Project Autodidact
Project Details: https://insightsbyse.com/projectautodidact/
Scott Ernst Bio: https://insightsbyse.com/aboutscotternst/
Project Contact: InsightsBySE@protonmail.com
Progress Report Scope (S01-M02-D01-AllParts)
Stage 1 of 4: Review of Mathematics, Probability, and Statistics
Module 2 of 3: Statistics, Probability, and Advanced Algebra
Day 1 of 5: Descriptive Statistics
Parts 1 through 10: See below
Summary Of Goals Achieved
- Reviewed procedures for calculating measure of central tendency of a dataset (mean, median, and mode)
- Reviewed procedures for calculating measures of dispersion in a dataset (range, interquartile range (IQR), variance, standard deviation, mean absolute deviation (MAD), and coefficient of variation (CV))
- Reviewed procedures for calculating measures of distribution in a dataset (percentiles and quartiles)
- Reviewed procedures for calculating measures of distribution shape in a dataset (skewness and kurtosis)

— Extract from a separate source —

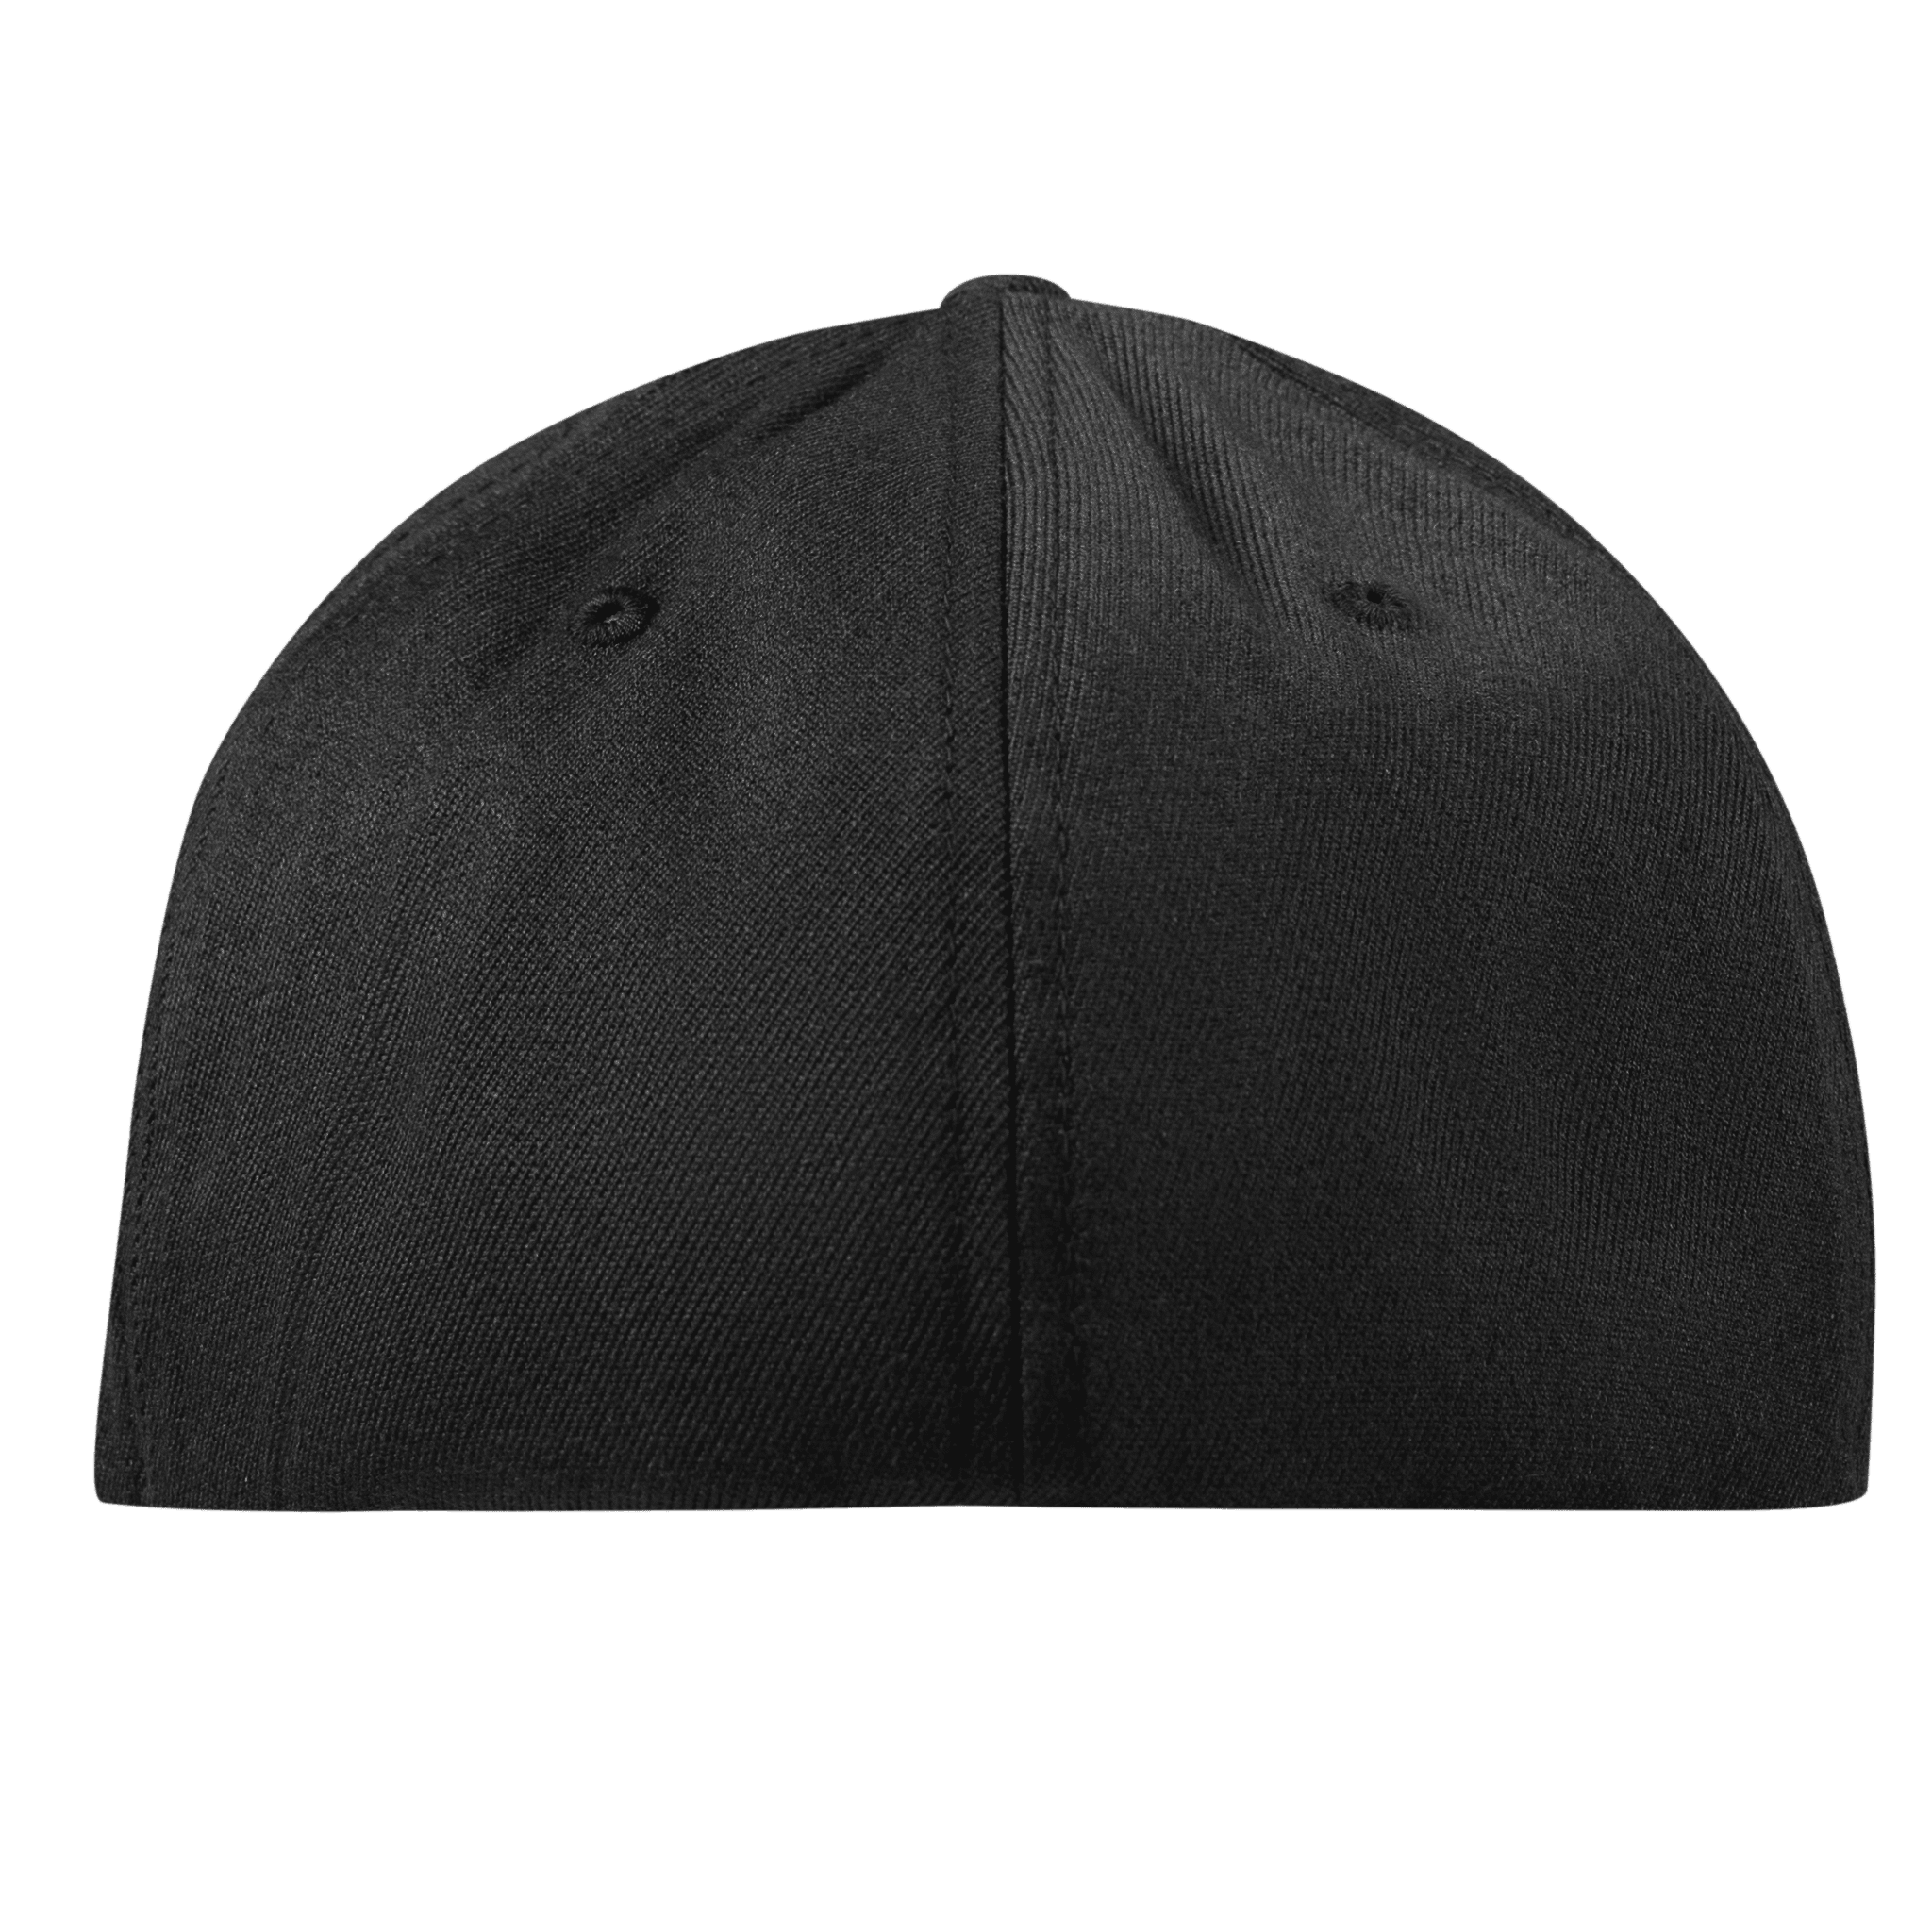 Wisconsin Patriot Flexfit Fitted Back Black

- Reviewed procedures for constructing and interpreting histograms to visualize and analyze the frequency distribution of numerical data
- Reviewed procedures for constructing and interpreting box plots to summarize and analyze the distribution of numerical data, enabling outlier detection and comparative analysis
- Reviewed procedures for calculating and interpreting the five-number summary (minimum, first quartile, median, third quartile, and maximum) in a dataset
- Reviewed procedures for calculating and interpreting the interquartile range (IQR) in a dataset. NOTE: Kernel density estimation (KDE), cumulative distribution functions (CDFs), and Q-Q plots will be subsequently studied.
- Reviewed procedures to apply descriptive statistics to datasets containing data about military veterans
- Reviewed procedures for contextual summarization to interpret and present statistical results within the specific context of the dataset, ensuring findings are meaningful to stakeholders
- Reviewed procedures for data cleaning to ensure datasets are accurate, complete, and consistent before analysis
- Reviewed methods and procedures for normalizing data (min-max normalization, modified min-max normalization, decimal scaling, logarithmic transformation, and L2 normalization) and standardizing data (z-score standardization and robust scaling) in a dataset
- Reviewed methods and procedures for scaling data
- Reviewed definitions, notation, terminology, components, and principles for interpreting measures in data visualization
- Review best practices for (1) visual encoding, (2) aesthetics, and (3) clarity in data visualization
- Reviewed methods for solving problems with missing data in a dataset (listwise deletion (aka complete case analysis), pairwise deletion (aka available case analysis), mean imputation, median imputation, mode imputation, regression imputation, multiple imputation, k-nearest neighbors imputation, hot-deck imputation, expectation-maximization imputation, and imputation based on machine learning algorithms (e.g., random forests or neural networks)). NOTE: These methods will be subsequently studied in more detail.
- Reviewed methods for statistical evaluation of dataset quality (descriptive statistics, completeness checks, consistency checks, outlier detection, correlation analysis, distributional checks, and duplicate detection). NOTE: These methods will be subsequently studied in more detail.
- Reviewed methods for detecting and evaluating dataset outliers (z-score, modified z-score interquartile range, Mahalanobis distance, isolation forest, DBSCAN, and local outlier factor). NOTE: These methods will be subsequently studied in more detail.
Part 1 of 10
Goal 1 Statement: Review procedures for calculating central tendency of a dataset (mean, median, and mode)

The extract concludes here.